Poco se sabe fuera de Venezuela sobre la primera dama, particularmente sobre el alcance de su papel en el régimen de Maduro y las maniobras detrás de bastidores que lo ayudan a sobrevivir. En el primer interrogatorio de Lamas después de su arresto en Colombia, los agentes de la Administración de Control de Drogas de Estados Unidos (DEA, por sus siglas en inglés), tuvieron una solicitud, recordó: “Cuéntanos sobre Cilia Flores”. Michael D. Miller, portavoz de la DEA, remitió las preguntas sobre el caso al Departamento de Justicia.
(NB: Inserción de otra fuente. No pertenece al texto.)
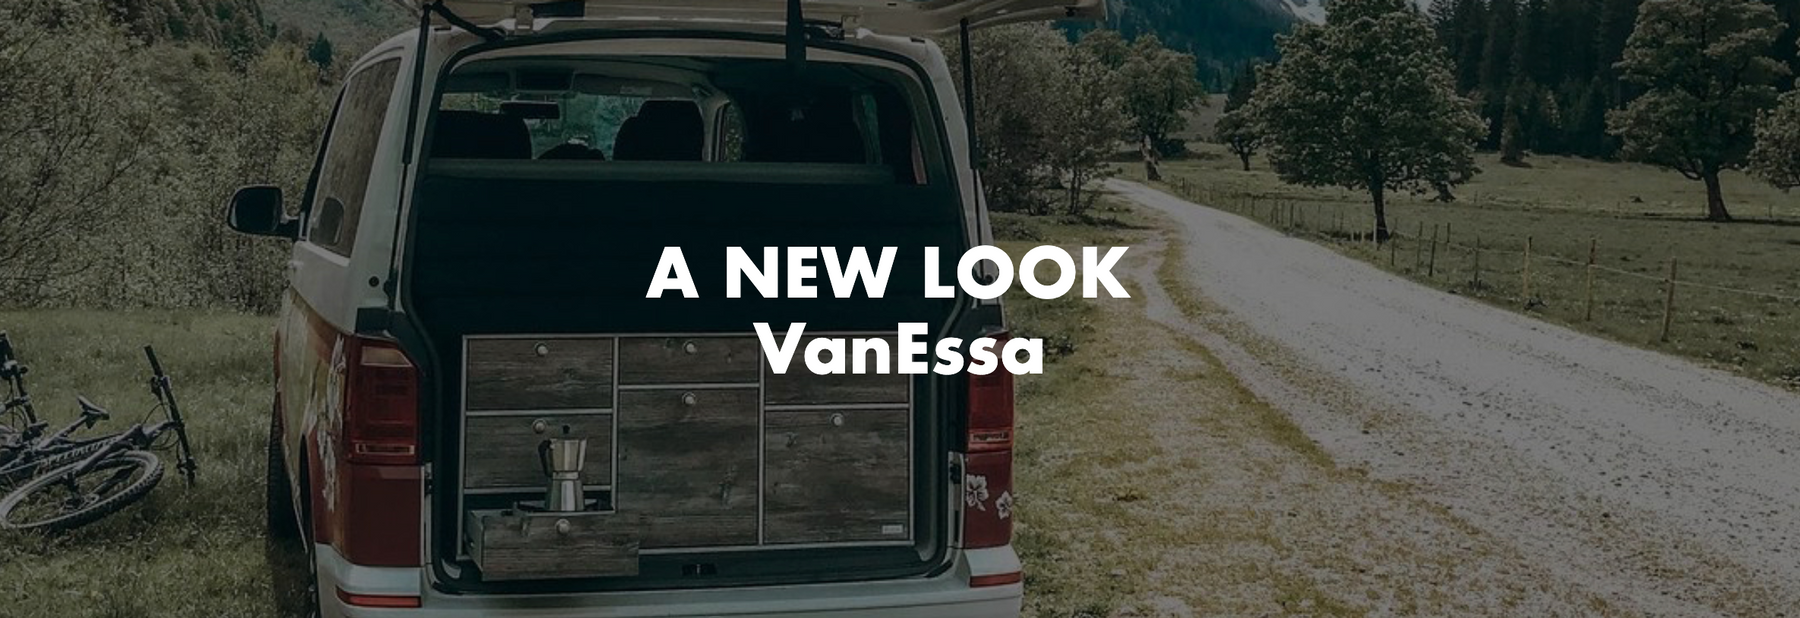 A new look VanEssa
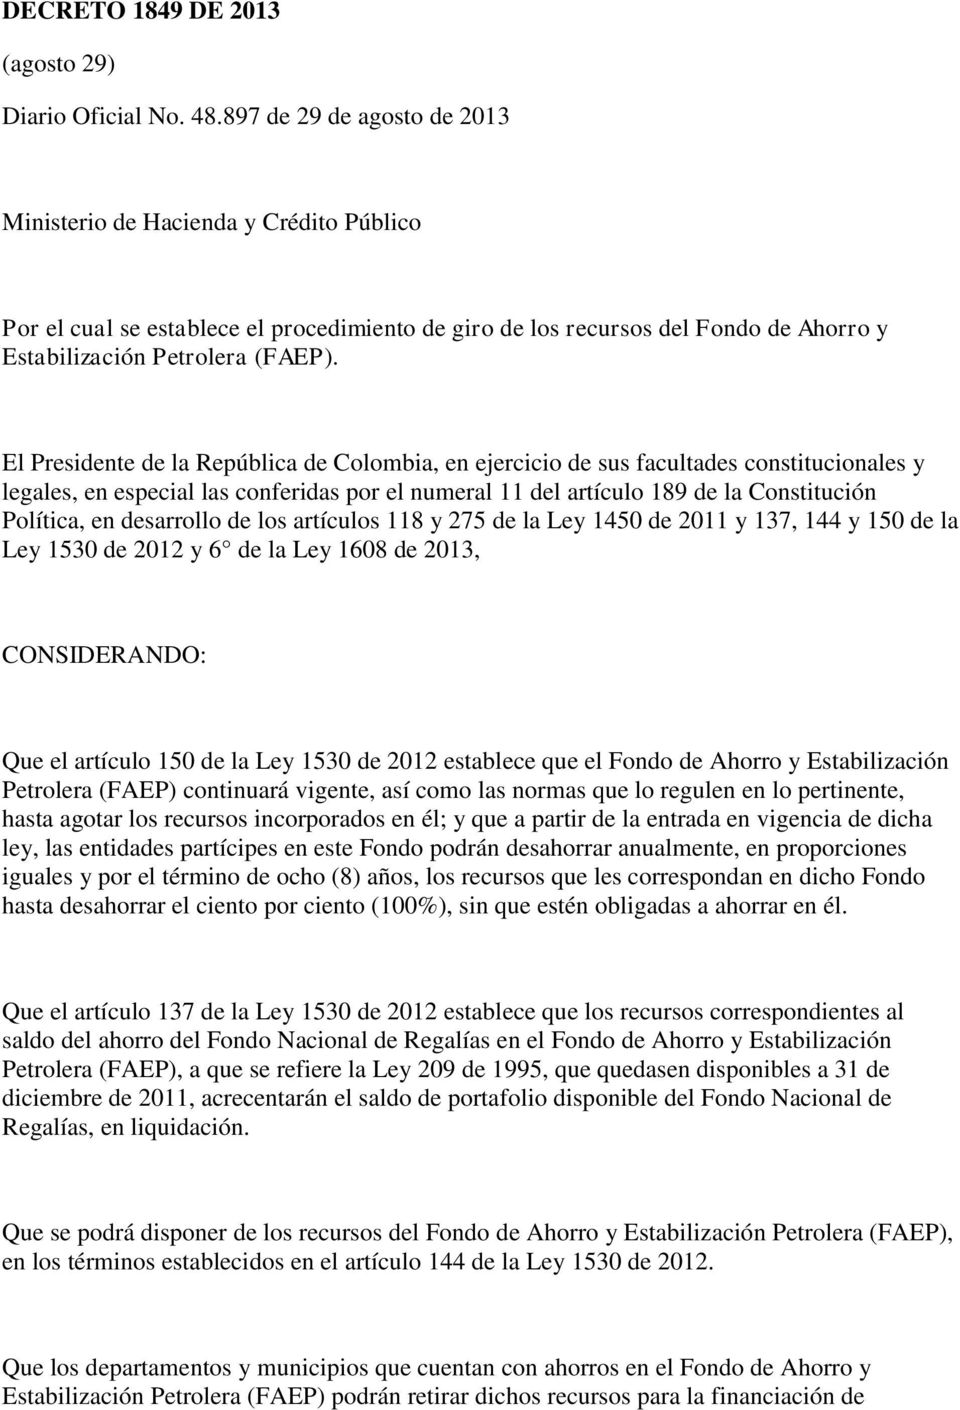 El Presidente de la República de Colombia, en ejercicio de sus facultades constitucionales y legales, en especial las conferidas por el numeral 11 del artículo 189 de la Constitución Política, en

Lamas, que ahora tiene 40 años, pasó cerca de una década custodiando a Flores, primero cuando era legisladora y encabezaba la Asamblea Nacional, luego cuando se convirtió en primera dama. Después de su extradición en 2017, Lamas llegó a un acuerdo con los fiscales estadounidenses, mediante el cual aceptó cargos de tráfico de drogas y accedió a convertirse en testigo. Ese acuerdo no había sido reportado hasta ahora.

En el acuerdo de culpabilidad, Lamas admitió los cargos de tráfico de drogas y acordó cooperar como testigo en las investigaciones relacionadas con su caso. La orden judicial colombiana que aprobó su extradición señaló que Lamas conspiró para enviar cocaína desde Venezuela en aviones registrados en Estados Unidos. Ni la orden judicial colombiana ni el documento del Departamento de Justicia mencionan a Flores, Maduro u otros miembros de la familia.

Debido a los términos del acuerdo -dijo que todavía espera sentencia y continúa testificando en investigaciones relacionadas- Lamas se negó a discutir detalles específicos sobre el caso en su contra. Su abogada en Washington, Carmen Hernández, también declinó hacer comentarios.

La información que ha proporcionado a los investigadores, incluidos los detalles sobre el supuesto papel de Flores en el plan de tráfico de drogas de sus sobrinos, es considerada creíble por las autoridades estadounidenses. Mike Vigil, ex jefe de operaciones internacionales de la DEA, dijo a Reuters que la DEA le da “gran importancia” al testimonio de Lamas.